Make Your AI Code-Review Like a Senior

Four ordered review passes, real severity tiers, and the rule that makes an AI review feel senior instead of a wall of nitpicks.

June 12, 202610 min readai code review,code review,claude code,cursor,developer workflow

MaxtDesign

Engineering

Overhead macro of a set of stacked metal document sorting trays on a dark slate desk, papers filed into separate ordered slots, one slot catching cool directional light.

Ask most AI tools to review a pull request and you get a flat list. Twenty bullet points, all formatted the same, all sounding equally urgent. Rename this variable. Add a comment here. Consider extracting a helper. Somewhere in the middle, buried between a spacing nit and a suggestion to add a docstring, is the line that actually matters: this endpoint trusts a user-supplied ID and runs a query with it. The model found it. It just filed it next to the docstring, so you skimmed past it.

That is not how a senior engineer reviews code. A senior does not hand you a list. They triage. They tell you the one thing that stops the merge, and they tell it to you first. The nitpicks come later, if they come at all. The skill is not finding more issues. It is ordering them so the important one cannot hide.

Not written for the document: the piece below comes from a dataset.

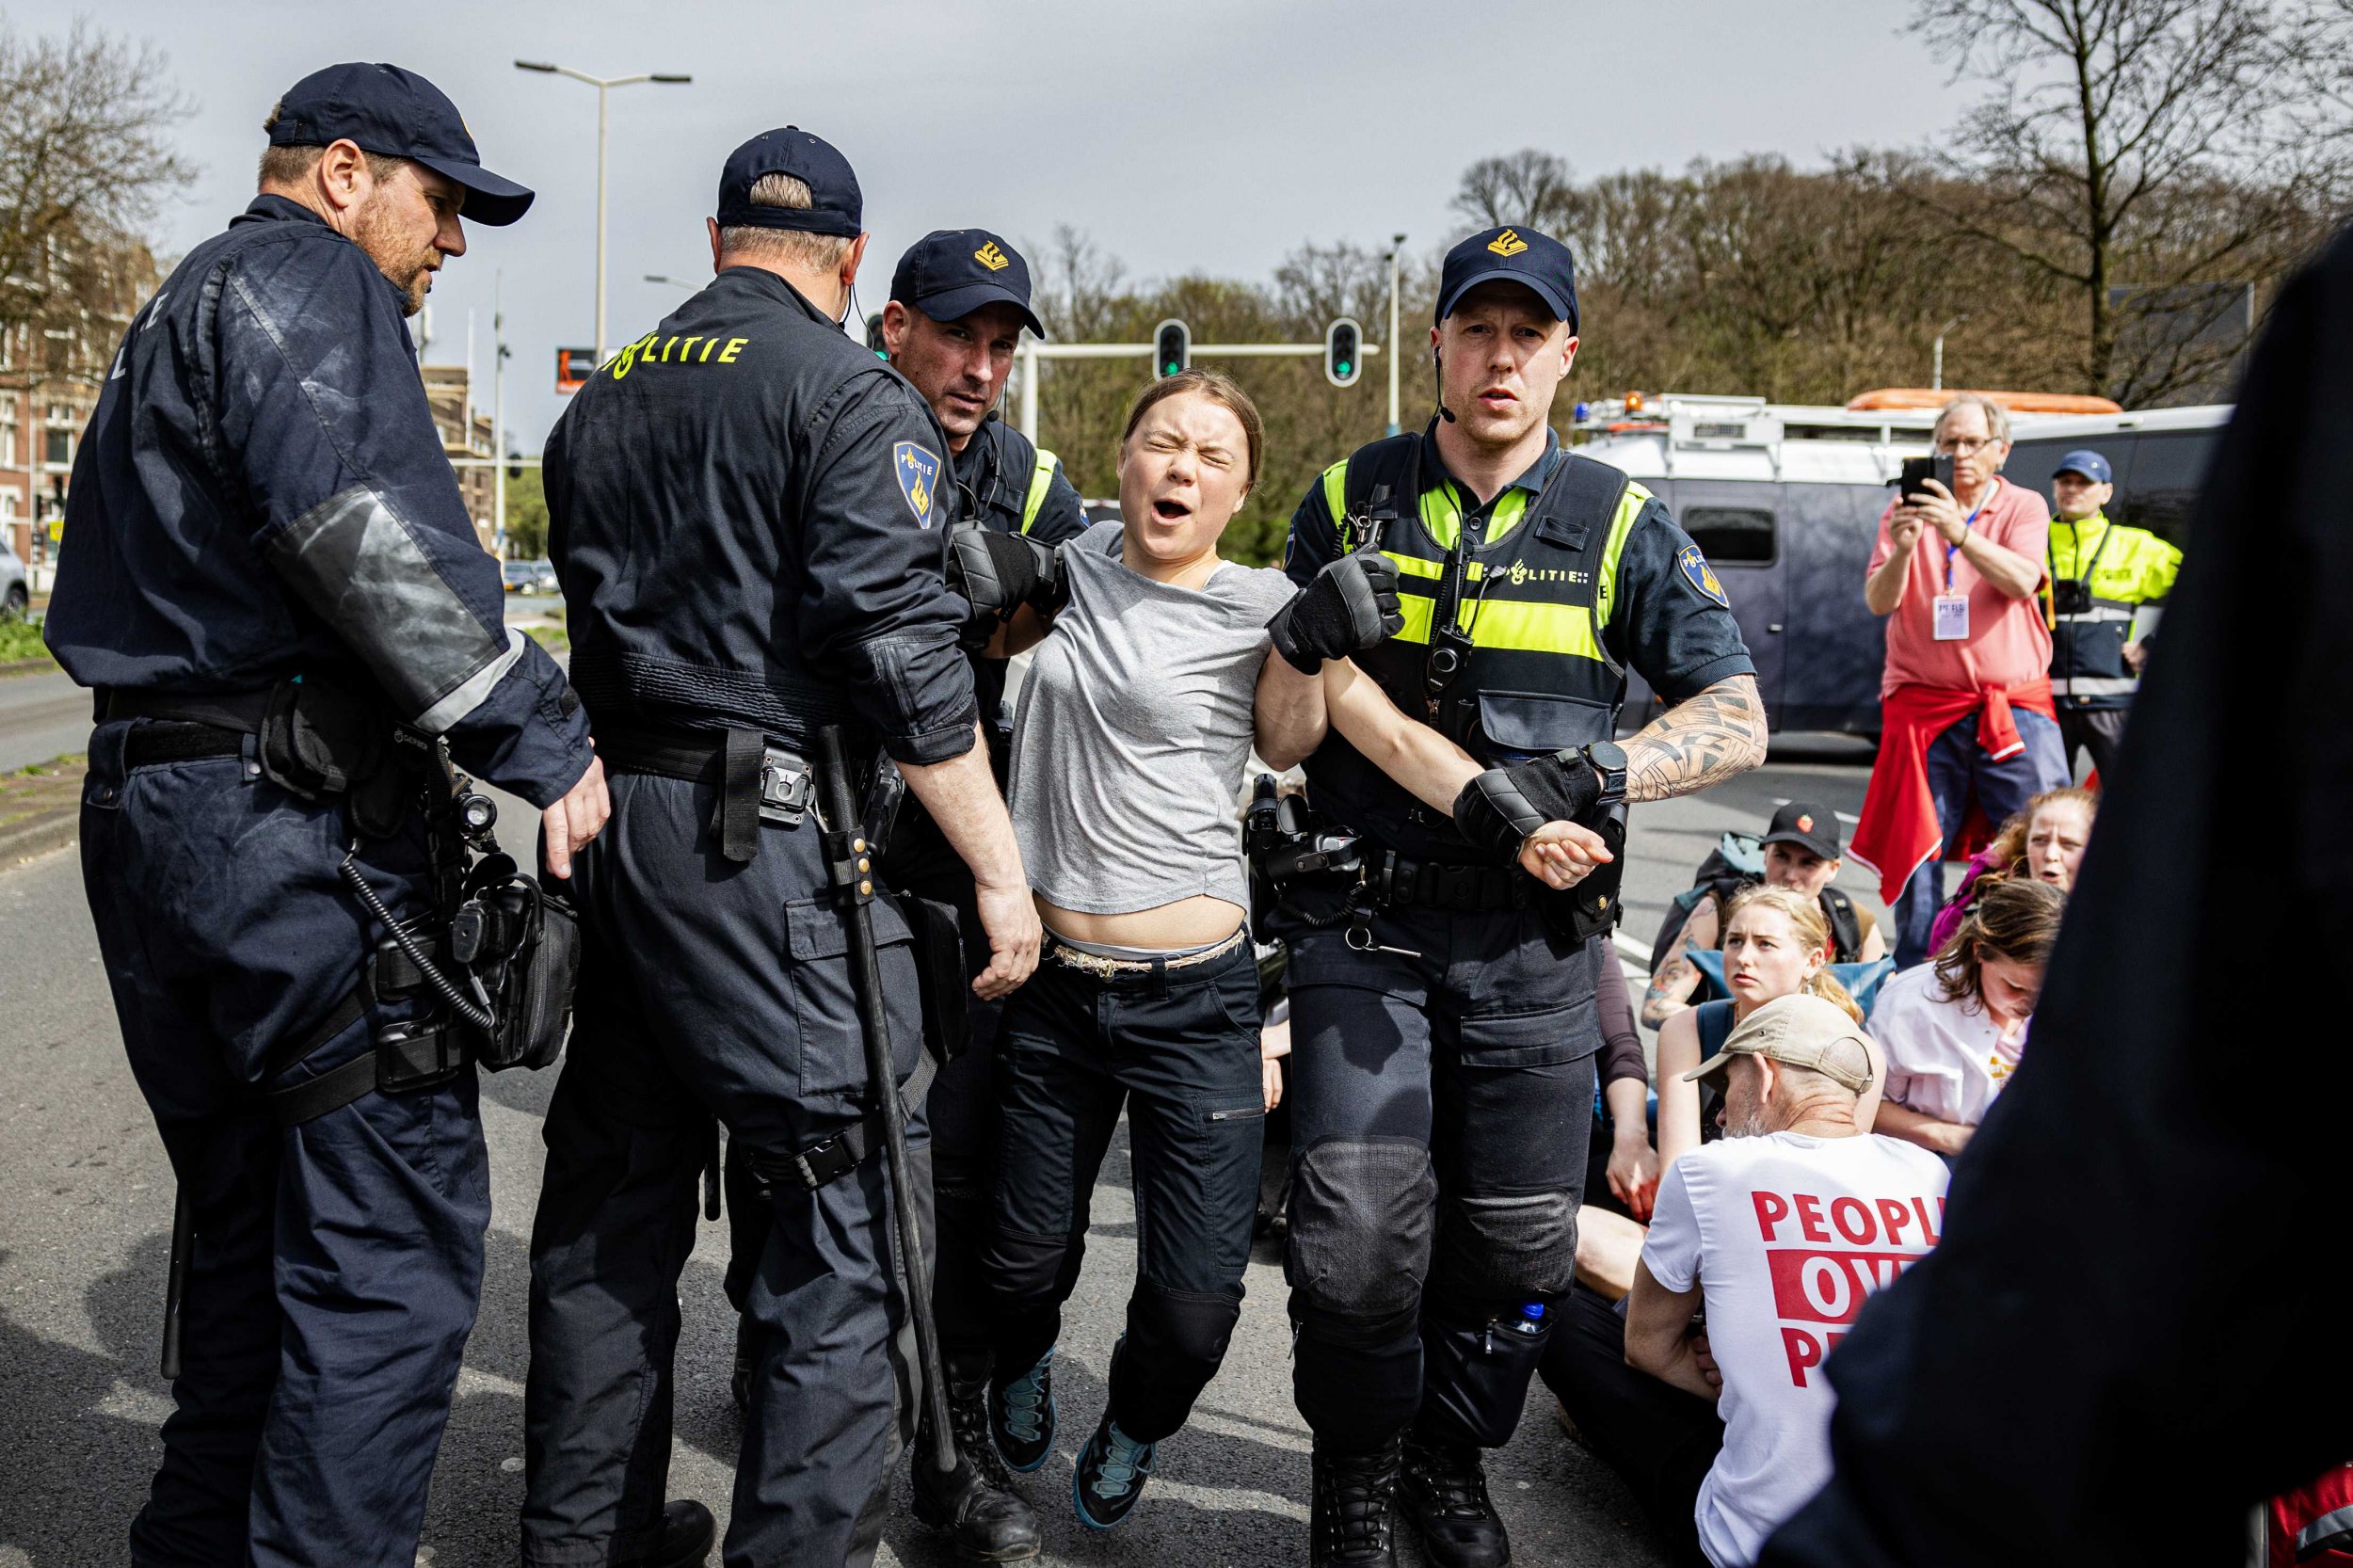 Greta Thunberg dragged away from climate protest by police

The good news is that this is a method, not a personality trait, and you can hand the method to an AI. Here is the one I use. It works in Claude Code, Cursor, Codex, or a plain chat window with a diff pasted in.

The flat-list problem

The default failure of AI review is not that it misses things. Modern models are good at spotting issues. The failure is that they present every finding at the same altitude. A SQL injection and an inconsistent quote style arrive as sibling bullet points, and the reader has to do the triage the reviewer should have done.

Worse, length reads as thoroughness. A review with twenty items feels more diligent than a review with two, so the model is quietly rewarded for padding. You end up scrolling a wall of low-value polish suggestions, your attention thins out, and the one finding that should have blocked the merge gets the same three seconds as "this could be a const."

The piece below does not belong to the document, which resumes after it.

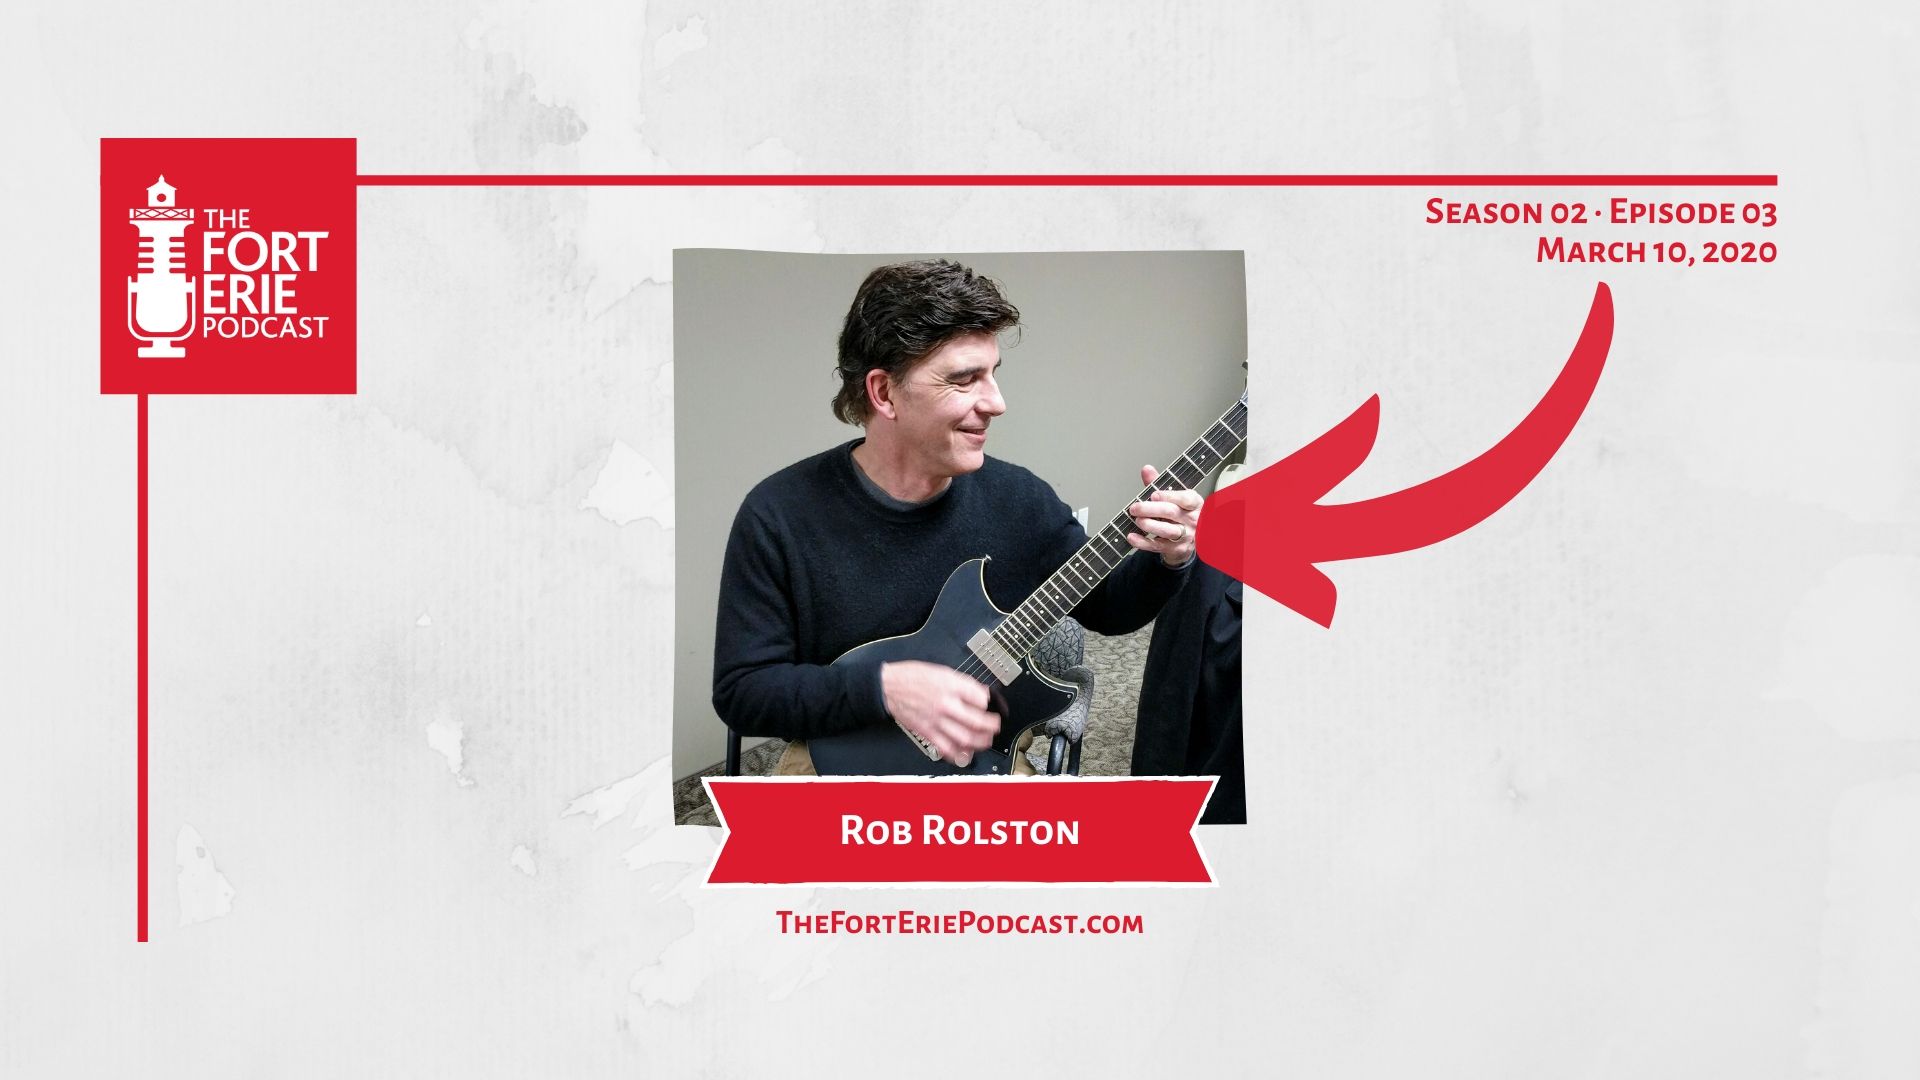 S02E03 – Rob Rolston, Fort Erie School of Music

Fixing this is not about a smarter model. It is about giving the model a structure that makes hiding impossible: a fixed order of passes, and severity tiers that force a verdict.

Review in lanes, in order

A senior review runs as four passes, always in the same order, and the order is the whole point:

Security: auth and authorization, input validation, secrets in the diff, injection, SSRF, anything that trusts data it should not. This runs first because a security hole outranks every other category of problem combined.
Correctness: logic errors, off-by-ones, unhandled edge cases, error paths that swallow failures, concurrency mistakes. The code does what it says only if this pass is clean.
Performance: N+1 queries, allocations in hot paths, blocking calls on the request thread, accidental quadratic loops. Real, but it never outranks a correctness bug.
Readability: naming, structure, dead code, control flow that takes three reads to follow. This pass runs last because it is the cheapest to defer and the easiest to let crowd out the rest.

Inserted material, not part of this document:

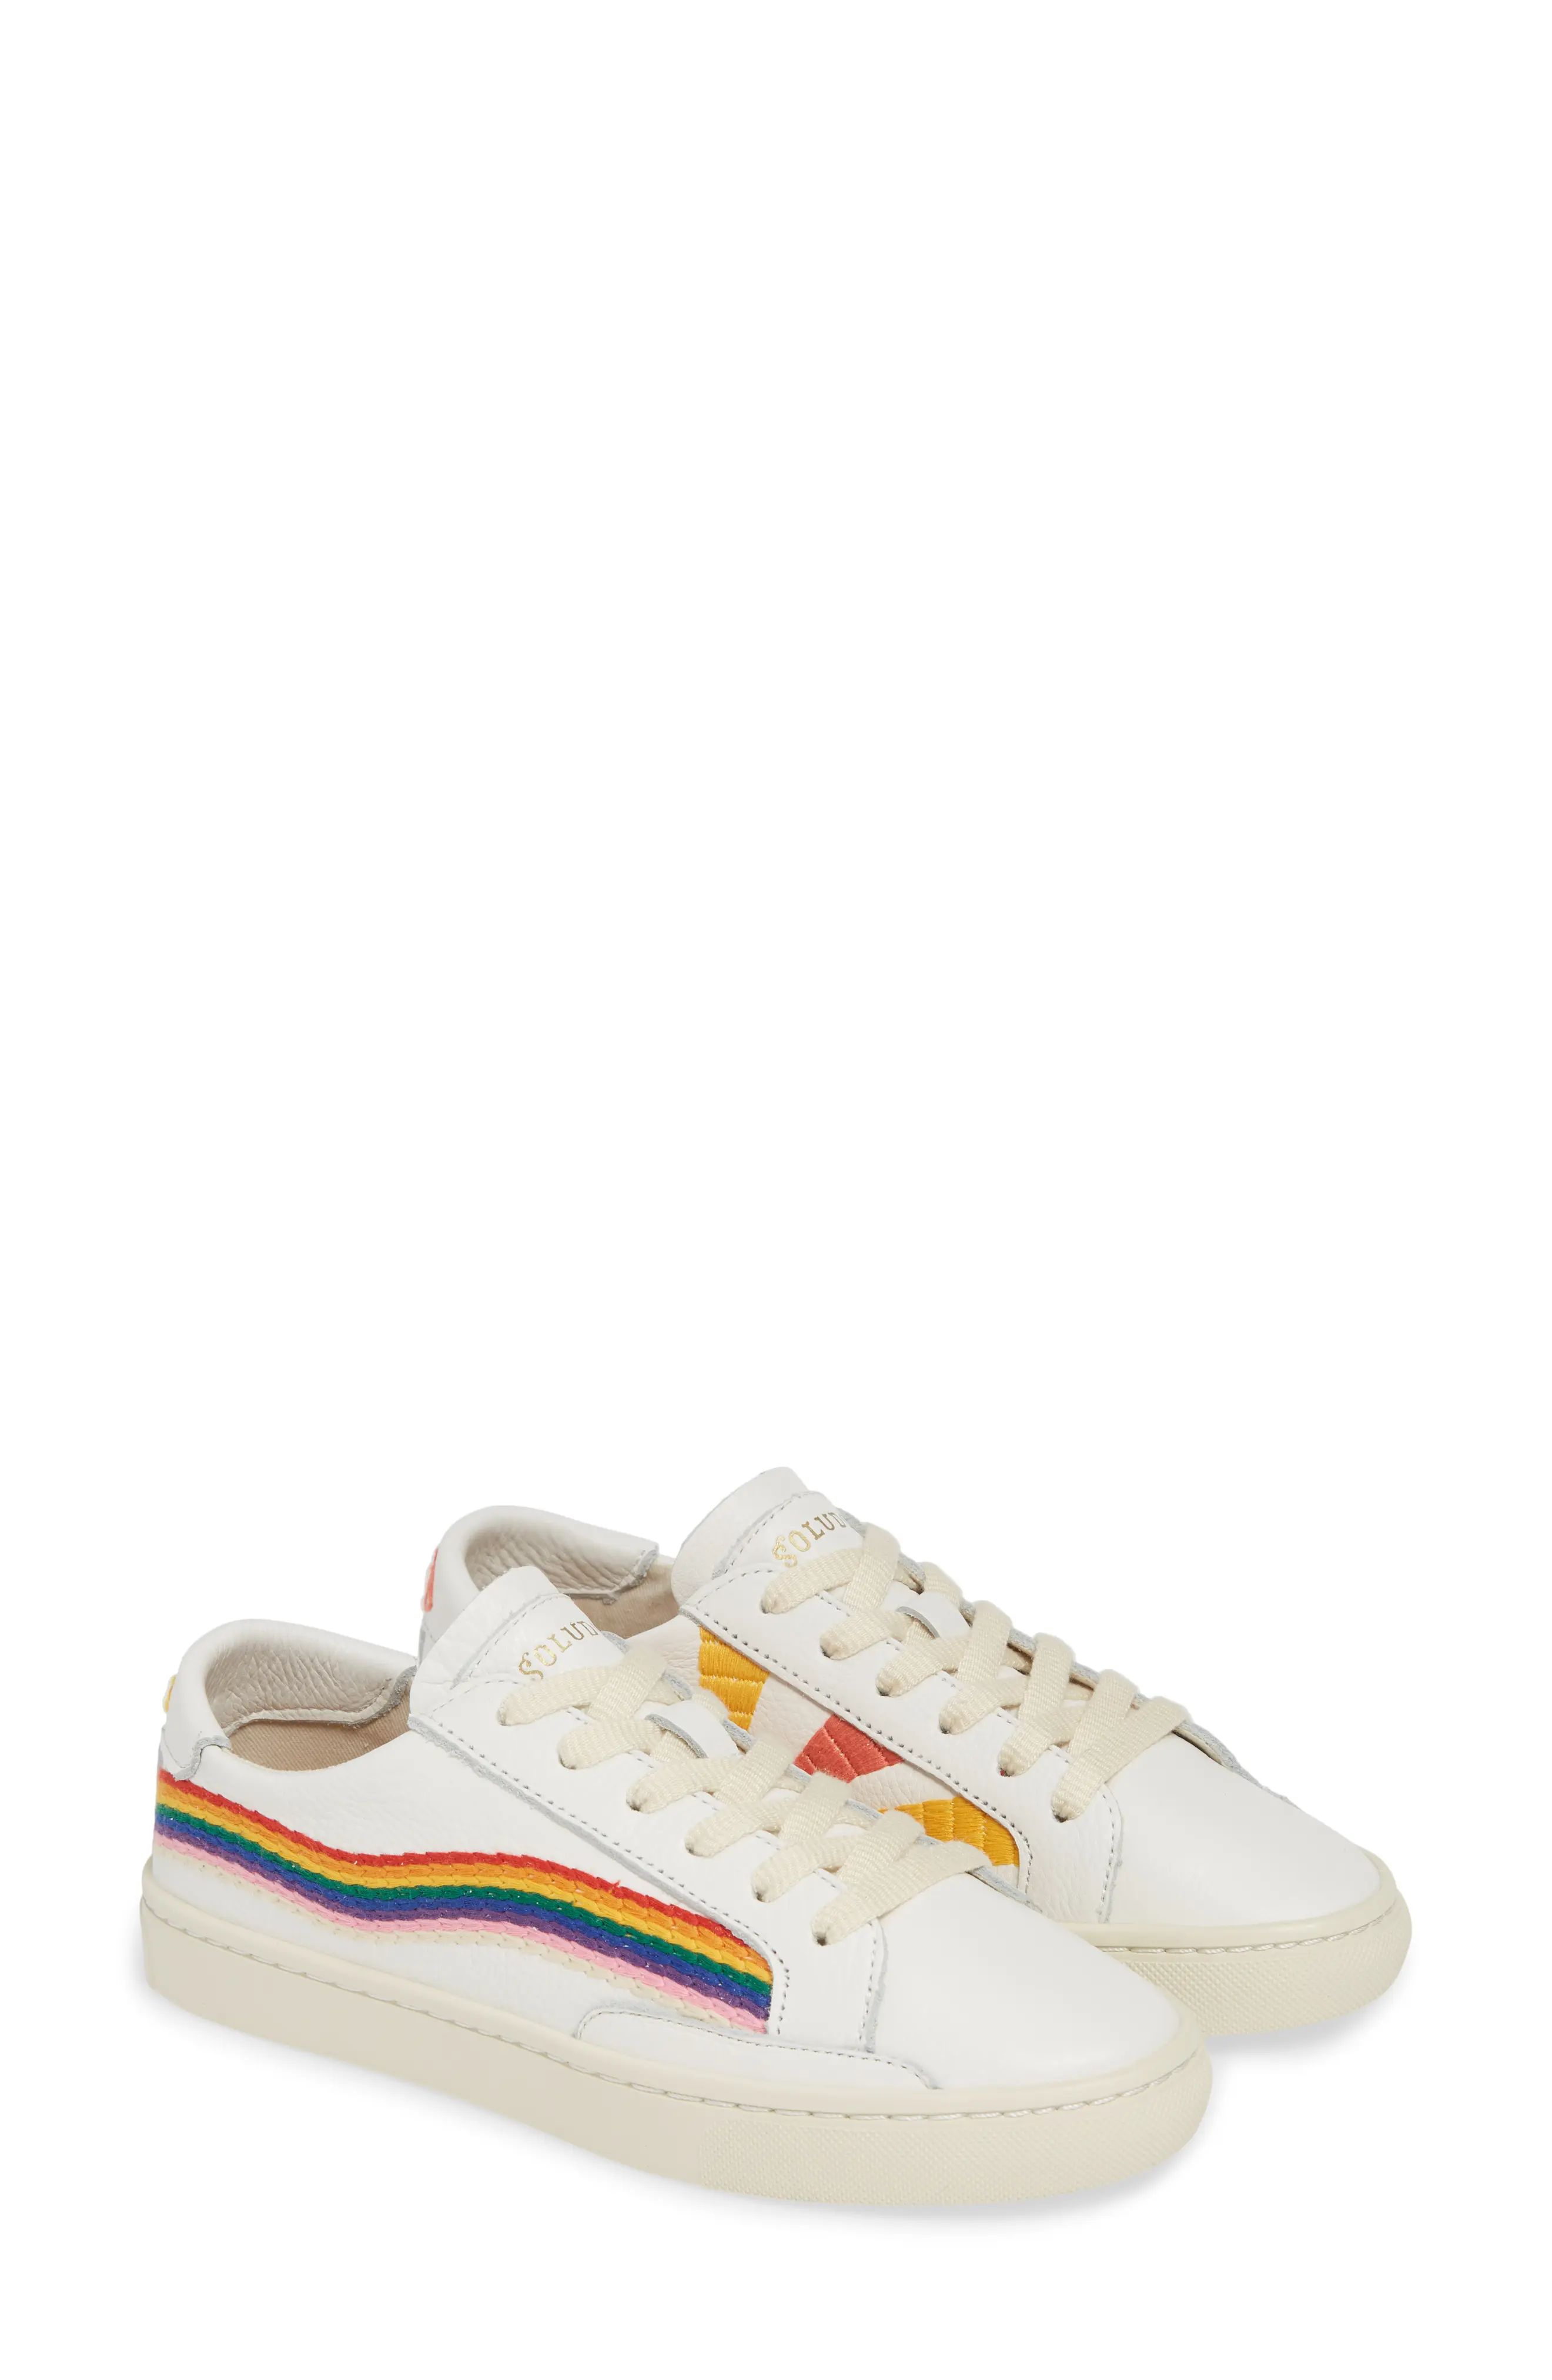 Soludos Rainbow Wave Sneaker in White at Nordstrom, Size 11 | Nordstrom

The ordering is not decoration. It encodes a priority a senior holds without thinking about it: a naming nit never gets to distract from an auth hole. When the passes are unordered, the model is free to lead with the readability finding because it is the easiest to articulate. When the order is fixed, security has to be addressed before readability is even mentioned.

Severity tiers force a verdict

Within each pass, every finding gets a tier. Four of them, and the names matter because they map to an action, not a feeling:

Block: do not merge. This is the only tier that stops the train. If a review has zero Blocks, the change is mergeable, full stop.
Fix-before-merge: must be addressed, but it is not a hard stop on its own. The distinction from Block is real: Block means "this is dangerous," Fix-before-merge means "this is wrong and easy."
Nit: optional polish. Take it or leave it.
Praise: what was done well, and why.

Tiers do the work that a flat list refuses to do: they commit. A model that has to label something Block or Nit can no longer hide behind "you might want to consider." It has to take a position on whether this is allowed to ship.

The lane method

A senior works top to bottom and stops you at the first lane that matters. The order is the product: a security hole outranks a naming nit every time, and nits stay hidden until every Block is cleared.

The rule that makes it senior

Here is the move that separates a senior review from a thorough one: if there is a Block, the nits do not get shown at all.

Think about why. If your change has a SQL injection in it, you do not care that a variable could be renamed. Showing you the nit alongside the Block actively hurts, because it dilutes the one message that matters into a list of five, and now you are deciding which of five things to fix instead of fixing the one thing that is dangerous. A senior would not even mention the rename. They would say "stop, this is exploitable, fix that, come back."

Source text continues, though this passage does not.